Kubernetes Is Not a Silver Bullet (It's More Like a Swiss Army Chainsaw)
Before you migrate your three-microservice startup to Kubernetes because the conference talk made it look clean and simple: the speaker had a slide deck, a rehearsed demo, and a dedicated platform team. You have a YAML file and ambition.
Let's be honest about what K8s actually is.
1. What K8s Actually Solves
Kubernetes solves the operational problem of running containerized workloads at scale with automated scheduling, self-healing, and rolling deployments. If you have that problem, it's the right tool.
If you're deploying a monolith to a single VPS, you need Docker Compose and a cron job for health checks. Don't let anyone shame you into Kubernetes for a service that gets 200 requests a day.
The operational overhead of K8s is real:
- etcd quorum management
- Certificate rotation
- Pod disruption budgets
- Node affinity rules that only one engineer on the team fully understands
- Ingress controllers that inexplicably stop routing traffic at 2am on a Friday
2. Resource Requests and Limits: The Part Everyone Gets Wrong
If you don't set resource requests and limits, the scheduler is guessing. If you set them too low, your pods get OOM-killed in production and you find out from a user, not an alert.
resources:
requests:
cpu: "250m"
memory: "256Mi"
limits:
cpu: "1000m"
memory: "512Mi"
The requests value is what the scheduler uses to place your pod. The limits value is what the kernel enforces. A pod that regularly hits its CPU limit is being throttled — you'll see it in latency, not in errors, which makes it the most fun class of production incident to diagnose.
3. Liveness vs. Readiness Probes: Not Interchangeable
This mistake costs people their weekends:
livenessProbe:
httpGet:
path: /healthz
port: 8080
initialDelaySeconds: 15
periodSeconds: 10
readinessProbe:
httpGet:
path: /ready
port: 8080
initialDelaySeconds: 5
periodSeconds: 5
Liveness probes answer: "Is this container alive? Should we restart it?"
Readiness probes answer: "Should traffic be sent to this container right now?"
If you put your DB connection check in the liveness probe, a temporary database blip will cause K8s to restart all your pods simultaneously. This is not fault tolerance. This is a self-inflicted outage.
4. HPA Is Not Free Scaling
The Horizontal Pod Autoscaler sounds like automatic infinite scaling. It is not. It requires metrics-server, meaningful CPU/memory baselines, and enough node capacity in your cluster to actually schedule the new pods.
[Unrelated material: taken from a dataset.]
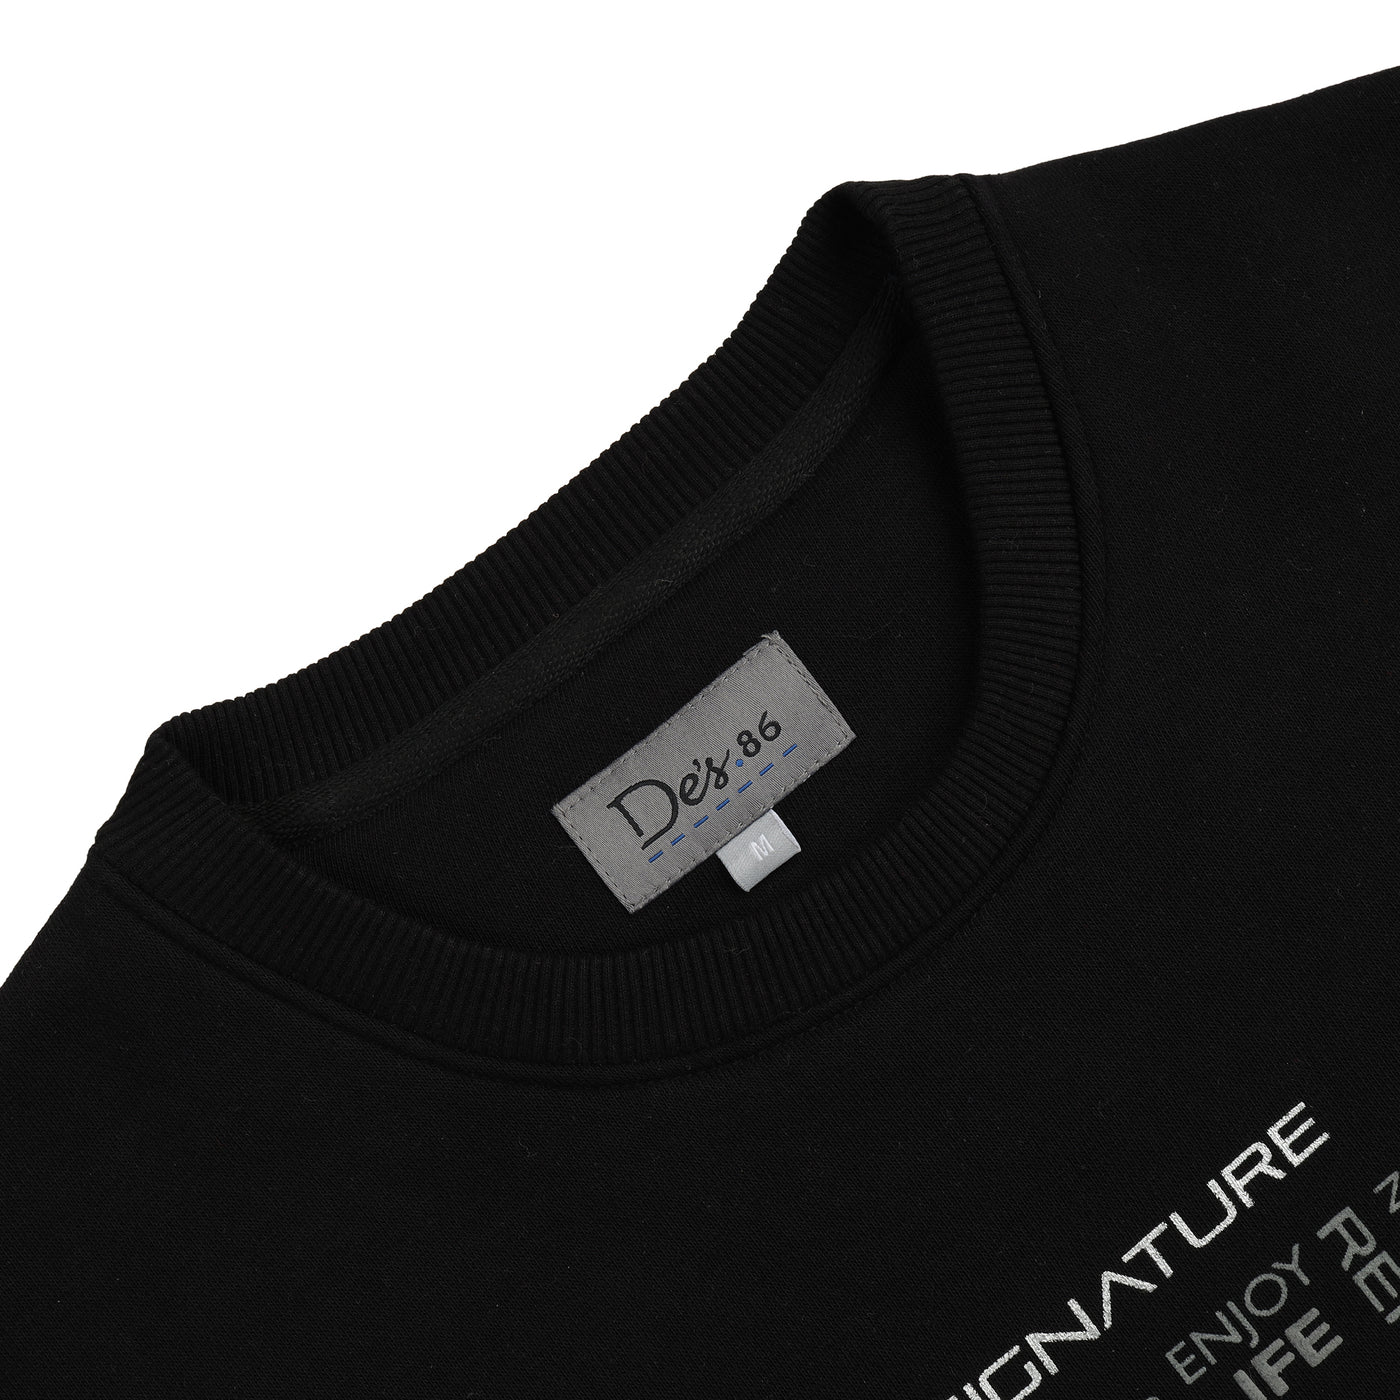 Printed Black Sweatshirt

If you trigger an HPA scale-out and the cluster has no capacity, your new pods sit in Pending state while traffic drowns the existing pods. You've scaled nothing except your stress.
Conclusion
Kubernetes is excellent infrastructure for organizations that have outgrown simpler solutions. Use it when you need it. Understand the failure modes before you're discovering them at midnight. And for the love of all things observable, set your resource requests.
The YAML is not the hard part. The operational discipline is the hard part. The YAML is just where the operational discipline becomes someone else's problem.